What would a fair system look like?


Fortunately, there is a better way. Instead of choosing between patent bans and free-for-alls, Europe can adopt a middle path: a transparent, accessible licensing system that preserves innovation incentives while upholding the principle of equitable access.

This is already happening. Several industry initiatives are working to make patents more navigable and usable for smaller breeders:


  • ILP Vegetable and ACLP (Agricultural Crop Licensing Platform) offer collective licensing mechanisms, allowing users to access bundles of patents under fair and standardized conditions.

  • PINTO (Patent Information and Transparency Online), established by Euroseeds, provides a searchable database of patented traits.


These initiatives mirror models from other industries, such as music or software, where collective rights management has long provided balance between creators and users. If expanded and properly regulated, they can ensure that genome-edited traits are available to all qualified breeders — whether public or private, large or small.



The Polish proposal and the risk of policy backfire


One idea floated during the trilogue process is to tie the regulatory status of NGT plants to their patent status. In January 2025, the Polish EU Council Presidency proposed that only non-patented NGT plants should benefit from the streamlined approval process; those with patented traits would be treated like traditional GMOs.
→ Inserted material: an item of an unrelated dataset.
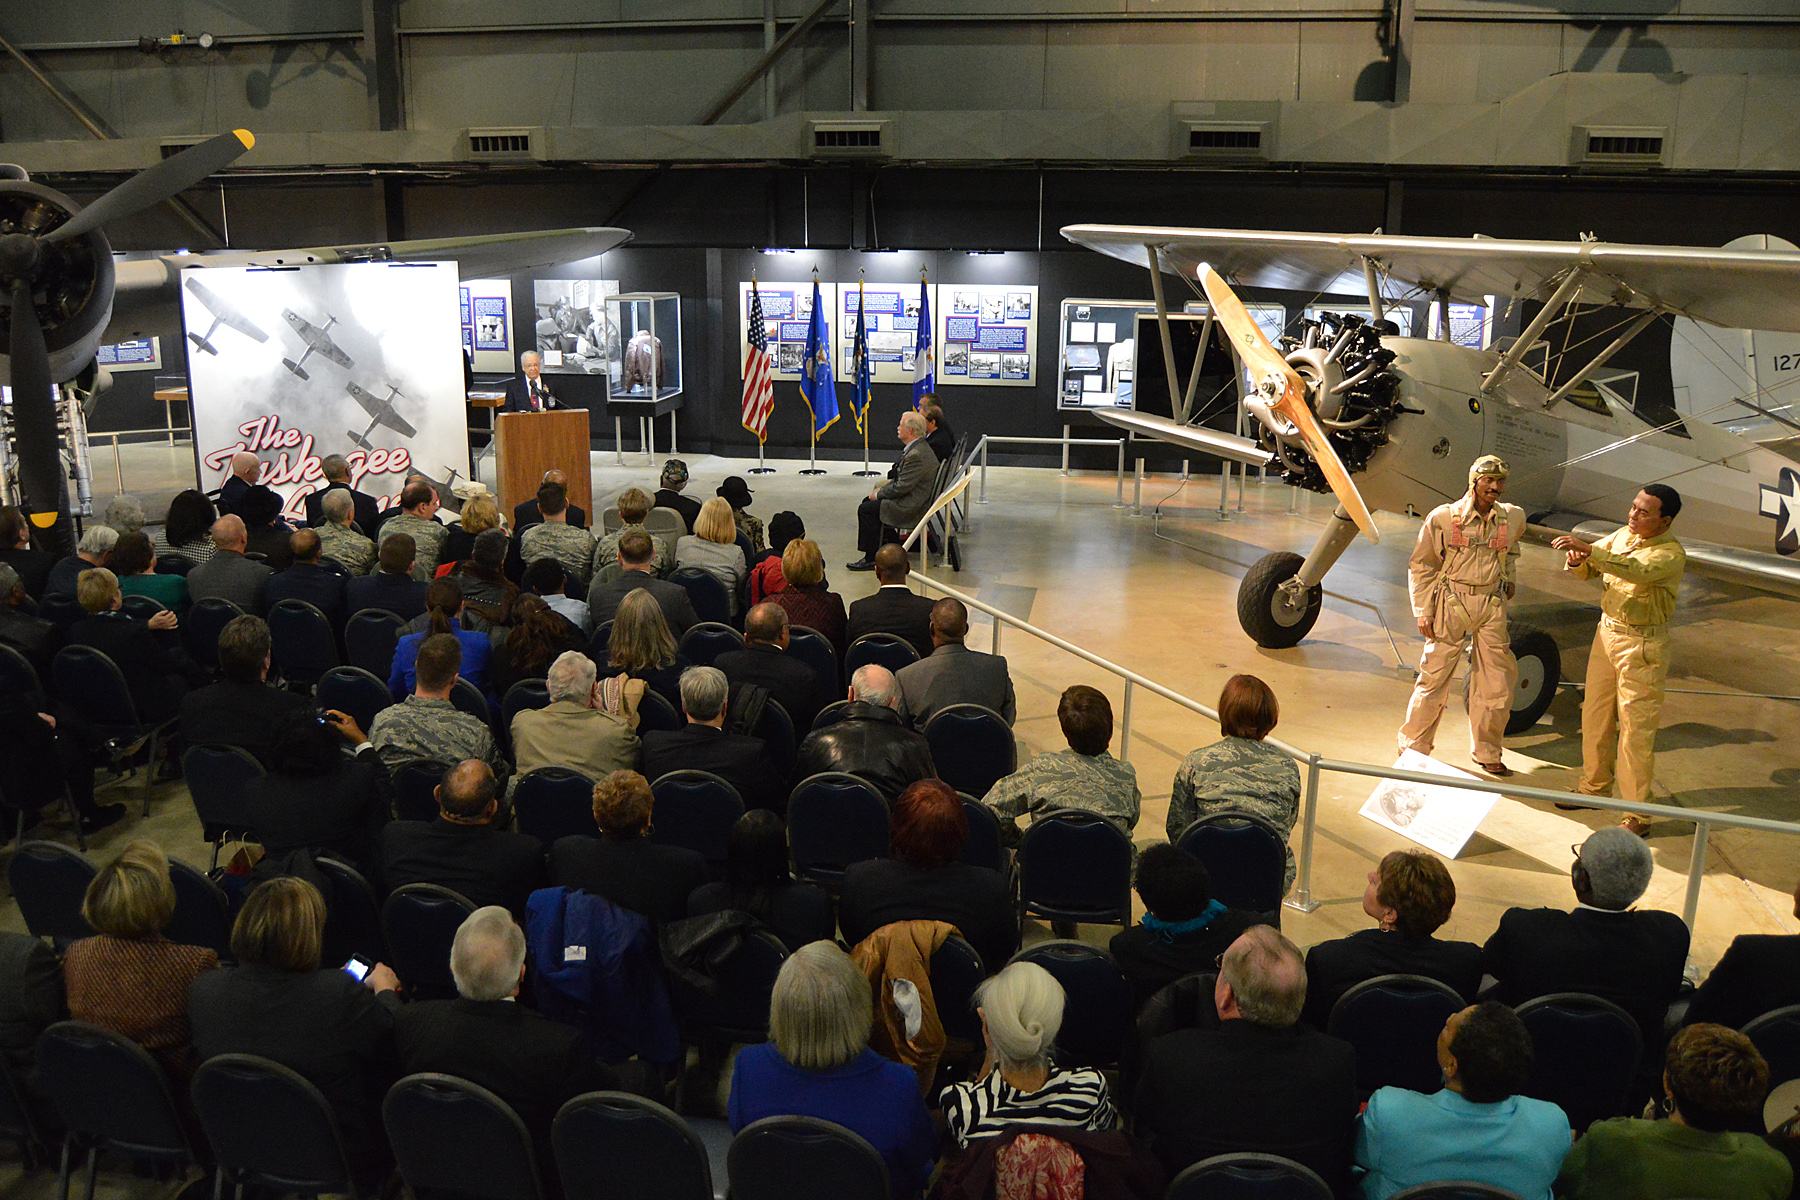 Tuskegee Airmen, families, friends and guests, gathered for the expanded Tuskegee Airmen exhibit opening in the WWII Gallery at the National Museum of the U.S. Air Force on Feb. 10, 2015. (U.S. Air Force photo)

This may sound appealing to some stakeholders. But it’s a recipe for legal chaos and regulatory uncertainty. The patent status of a plant can be unclear for years due to ongoing applications or legal challenges. Linking market access to patent paperwork would bog down the very system the regulation seeks to simplify. Worse, it would signal that Europe distrusts its own IP framework, undermining confidence in the rule of law.

Instead, we should decouple regulatory approval, which is about safety and environmental impact, from IP considerations, which are about economic rights. The goal should be clarity, not conflation.



WePlanet’s position: Pro-Science, Pro-Access


At WePlanet, we believe that new genomic techniques are a vital tool in the fight for climate-resilient, low-input, high-nutrition agriculture. Europe must embrace them. Not in a blind rush, but with thoughtful safeguards and structures that ensure public trust and fairness.


That means three things:

  1. Science-based regulation: Plants that could occur naturally or via conventional breeding should not be regulated as GMOs simply because they were produced with precision tools.

  2. Equitable innovation:  Plant variety protection, including breeder´s rights, is a favorable IP-system and should be applied wherever possible. Public breeding programmes, small companies, and NGOs must have access to key traits via fair and accessible licensing. Innovation should not be the preserve of a few multinationals.

  3. Transparent intellectual property: Patent holders should be required to disclose trait-level patents clearly and participate in licensing platforms with fair, reasonable, and non-discriminatory terms. It needs to be made sure that patents are defined as narrow as possible.


We support compromise. We support breeder´s rights and accessible licensing platforms. We support farmers and breeders who are doing the hard work of feeding a growing population while protecting the planet.


Our detailed position with further background information can be found here.



The Path Ahead


Europe has a choice. It can cling to outdated frameworks that stifle innovation and centralize control, or it can modernize its agricultural policy in line with its values of fairness, sustainability, and progress. The trilogue negotiations offer a rare opportunity to reset the terms of engagement between science and society, between innovation and equity.


It’s time to grow smarter. Let’s not waste this moment.